Но миг суровой красоты миновал. Лицо Суфии смягчилось, глаза вновь окатили Зульфию теплым светом.
— Пойдем, сестра. Нас ждут шербет и сласти. Вскоре придут наши подруги и мы сможем поговорить о тебе и том несчастном глупце, который осмелился тебя обидеть.
Макама тринадцатая
(Назло Иблису Проклятому, отцу всех джиннов!)
— Наши подруги, сестра моя? — переспросила Зульфия после того, как пригубила шербет. Почему-то именно эти слова озадачили девушку.
— Ну конечно, красавица. Увы, не одни мы с тобой оказались легковерными дурочками, которые только и могут, что сдувать пылинки со своих обожаемых супругов, ничего не требуя взамен… Таких дурочек много. И, о Аллах, при одной мысли о том, что сегодня нас стало еще больше, у меня болит душа. Это значит, что на землю нашего несчастного города прольется еще не одно озеро слез…
— Но сколько же их, наших с тобой сестер по несчастью?
— Ты, красавица стала тридцать восьмой…
— О Аллах милосердный!
— Увы, это так… Это значит, что тридцать девять подлых мужчин предпочли преданности — страсть, глубокому и сильному чувству — низменное удовлетворение одной лишь похоти.
— Тридцать девять… Но ведь есть еще и такие несчастные, которые не знают о твоем приюте одиноких душ…
— О нашем приюте, сестра… — поправила Зульфию хозяйка пещеры. — Ибо каждая из нас может утешиться лишь в присутствии других.
— Я позволю заметить, сестра, что не только утешиться, но и найти в себе силы сдержаться и не устроить новую истерику.
— Да, ты права. Но давай мы вернемся к твоей истории. Ибо я знаю, что первый шаг к излечению сердечной боли начинается в тот миг, когда ты находишь в себе силы не страдать молча, а рассказать вслух все как было.
— Ну что ж, добрая Суфия. Да будет так. Я расскажу тебе все не скрывая, хотя не думаю, что ты услышишь что-то совсем-совсем новое…
Суфия улыбнулась.
— Не думай сейчас об этом, дорогая. Итак, вы поженились три года назад…
Зульфия кивнула, мысленно обратившись к тем дням, когда впервые увидела у своего забора высокую фигуру юноши.
— О нет, это началось куда раньше. Тогда мой муж, о нет, даже еще не жених, служил приказчиком у давнего друга моего отца, достойного и уважаемого купца по имени Маслама…
— А мужа твоего, прости, что перебиваю, сестра, как звали?
— Этого презренного звали Джафаром, хотя ему впору было бы другое имя — Самир
[5]
. Ибо лучше всего этот шакал умел болтать.
— А сейчас? Уже не умеет болтать?
— Знаешь, сестричка, мне казалось, что он в последнее время разучился делать почти все, что должен был бы делать мужчина…

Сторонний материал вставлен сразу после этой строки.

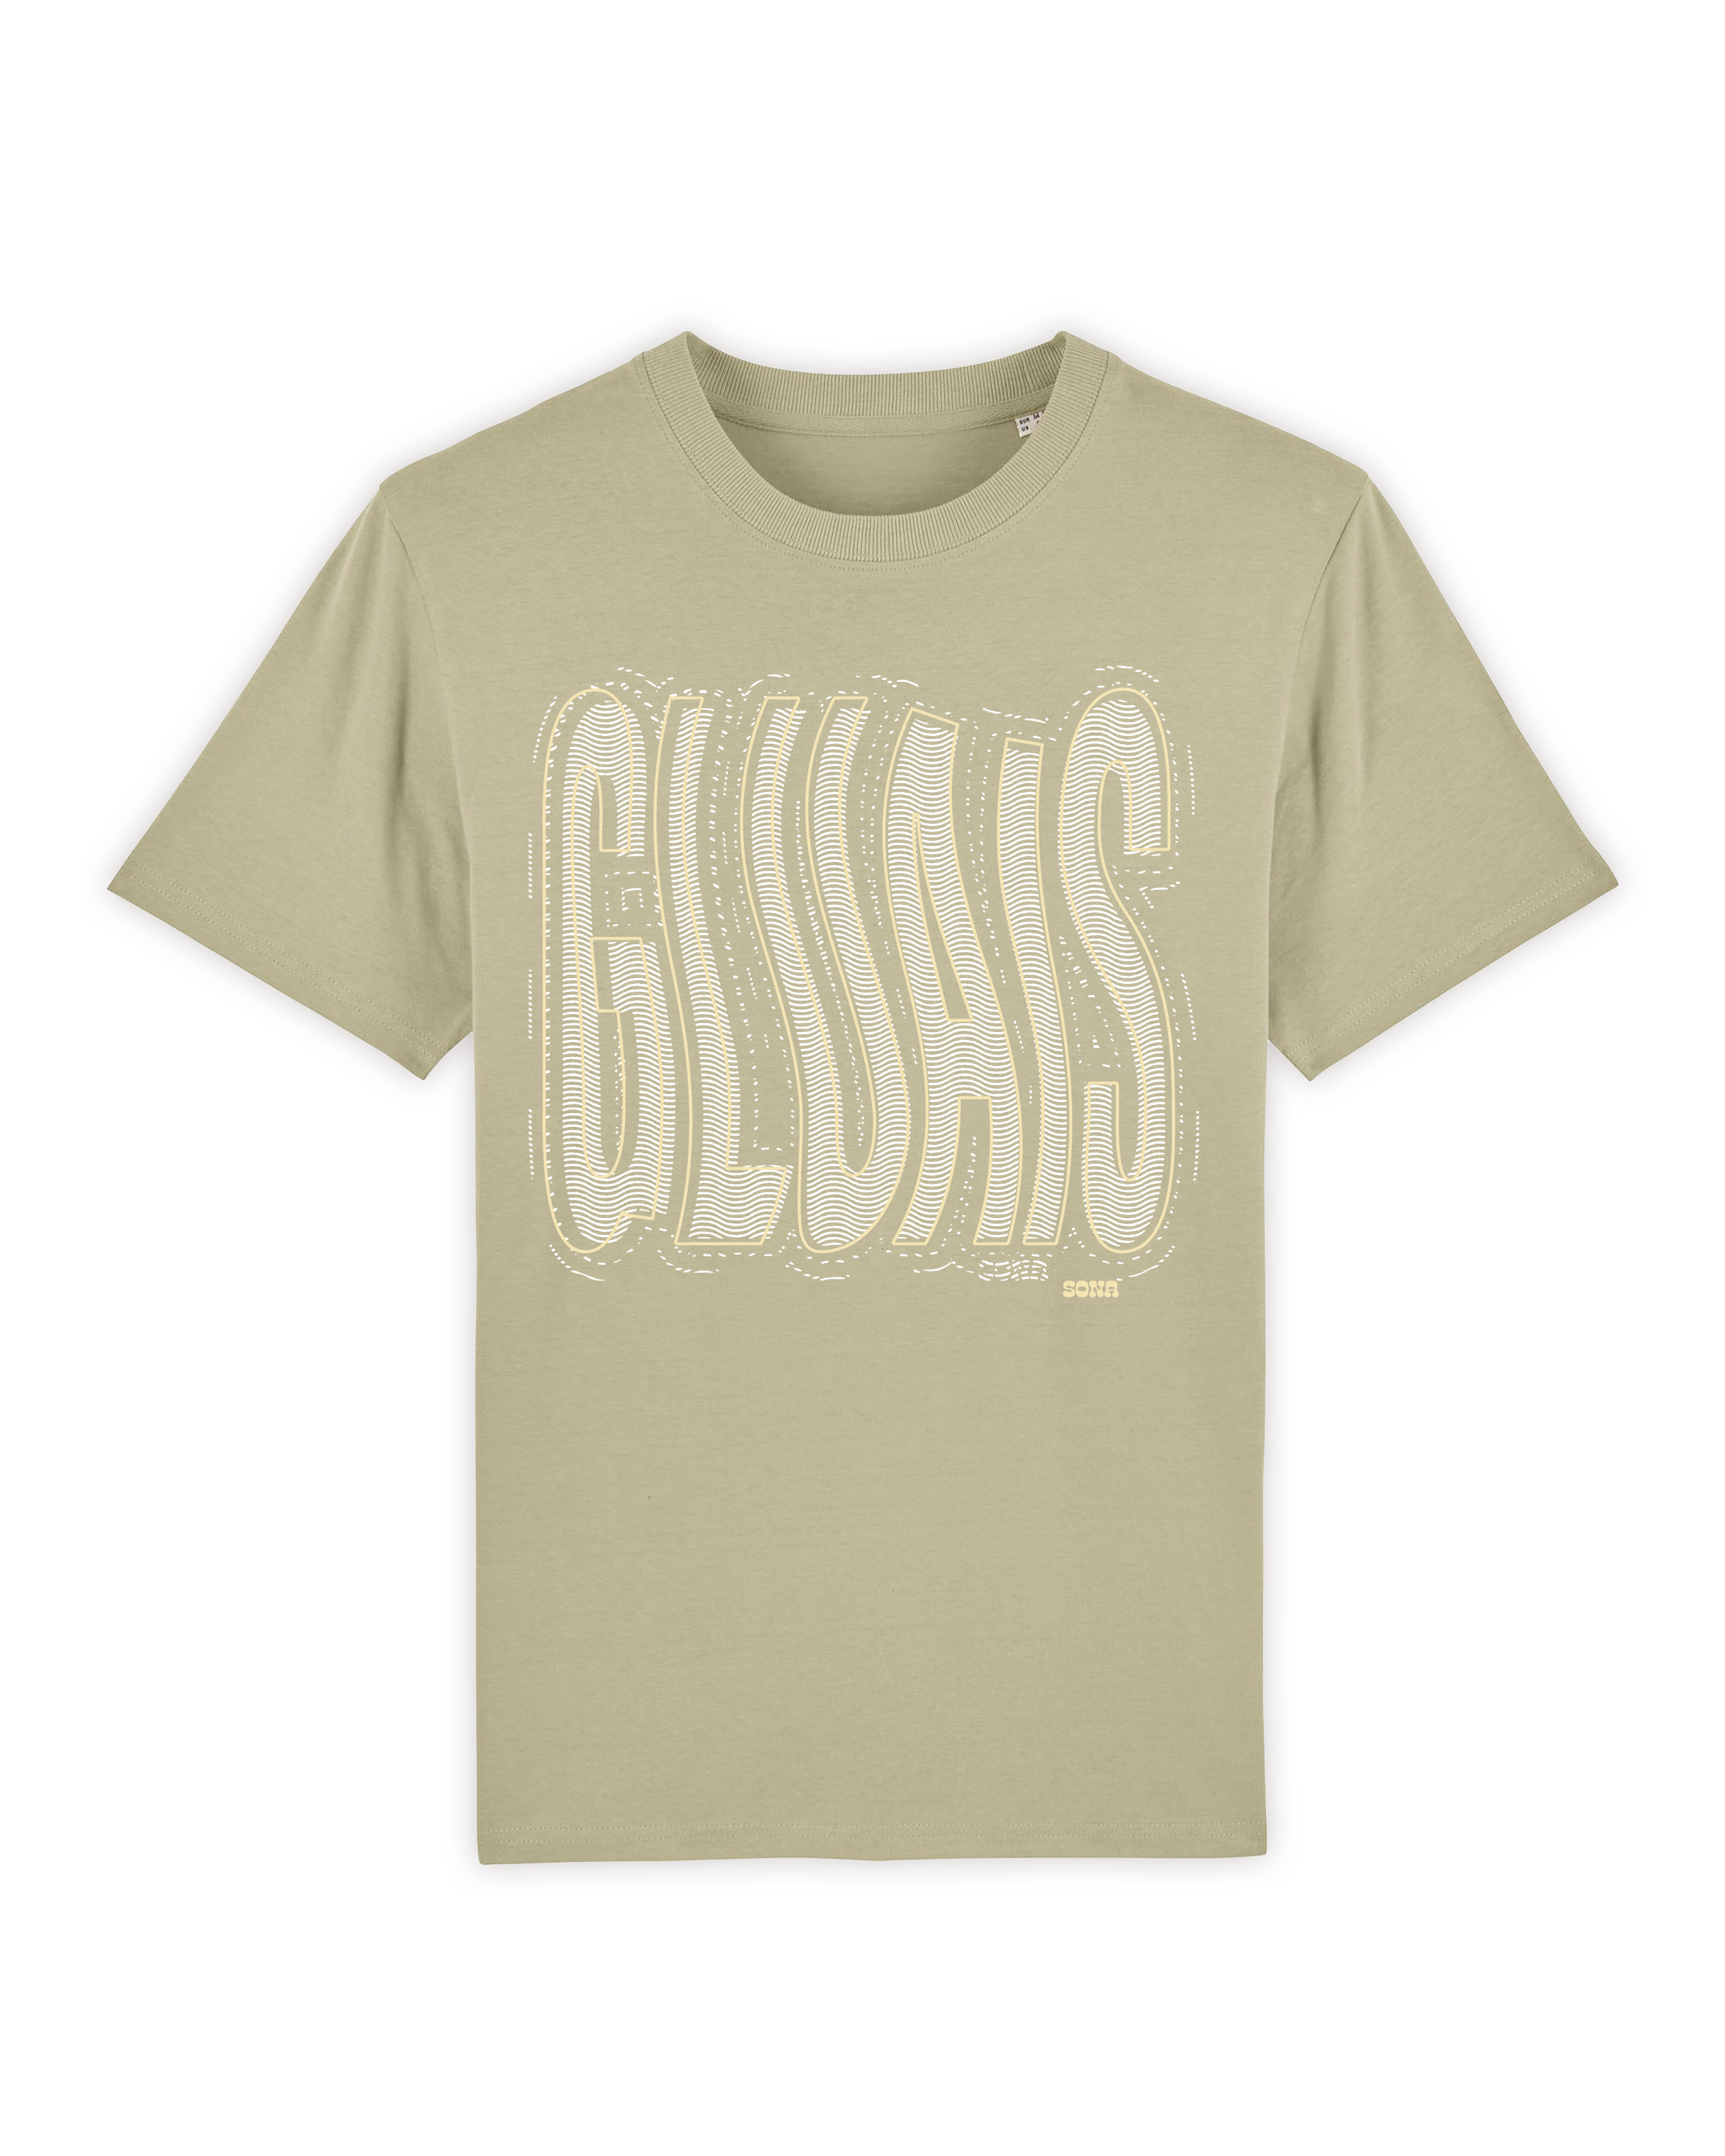 Gluais T-Shirt - Sona Design

— Ну-у, прекрати. Настоящей женщине недостойно унижать убогого дурачка. Но ты начала рассказ…
— Да, я отвлеклась…
Суфия лишь улыбнулась, прекрасно понимая чувства своей заплаканной собеседницы. Ее тоже не покидало чувство, что она смотрит в зеркало, настолько эта незнакомая девушка была на нее похожа. Но умница Суфия решила, что над этой странностью она подумает чуть позже.
— Джафар стал приходить к нам в дом с мелкими поручениями от своего хозяина, уважаемого Масламы. Этот достойный человек много доброго сделал для моего отца, и потому его посланники были в нашем доме желанными гостями. Джафар-болтун стал задерживаться все дольше, рассказывая отцу о том, как устроено дело Масламы, как управляется… И почему-то каждый раз получалось, что без него, молодого приказчика, не может двинуться ни один караван, не может отплыть от пристани ни один корабль…
Суфия кивнула в знак того, что она внимательно слушает свою новую сестру.
— Отец мой, кади, не очень сведущ в торговом деле, а потому слова Джафара убеждали его в том, что собеседник — юноша учтивый, оборотистый, разумный… Думаю, что Джафар уже тогда решил, что надо пробиваться из бедности к достатку, найдя себе богатую невесту, добиваясь благоволения будущего тестя. Через год почти ежевечерних бесед этот говорливый юноша превратился в члена семьи, во всяком случае, отец его уже тогда называл «сынок». Он вкушал вместе с нами, он вел долгие беседы с отцом, он не раз добивался разрешения сопровождать матушку и меня в торговые ряды.
— Хитрый лис… Расчетливый…
— О да, он хитер. И, если бы обдумывал последствия своих поступков, мог бы стать и в самом деле отличным купцом. Ибо, о Аллах, это чистая правда, достойный Маслама, его тогдашний хозяин и наставник, был слишком осторожен, порой не решаясь на самый незначительный риск.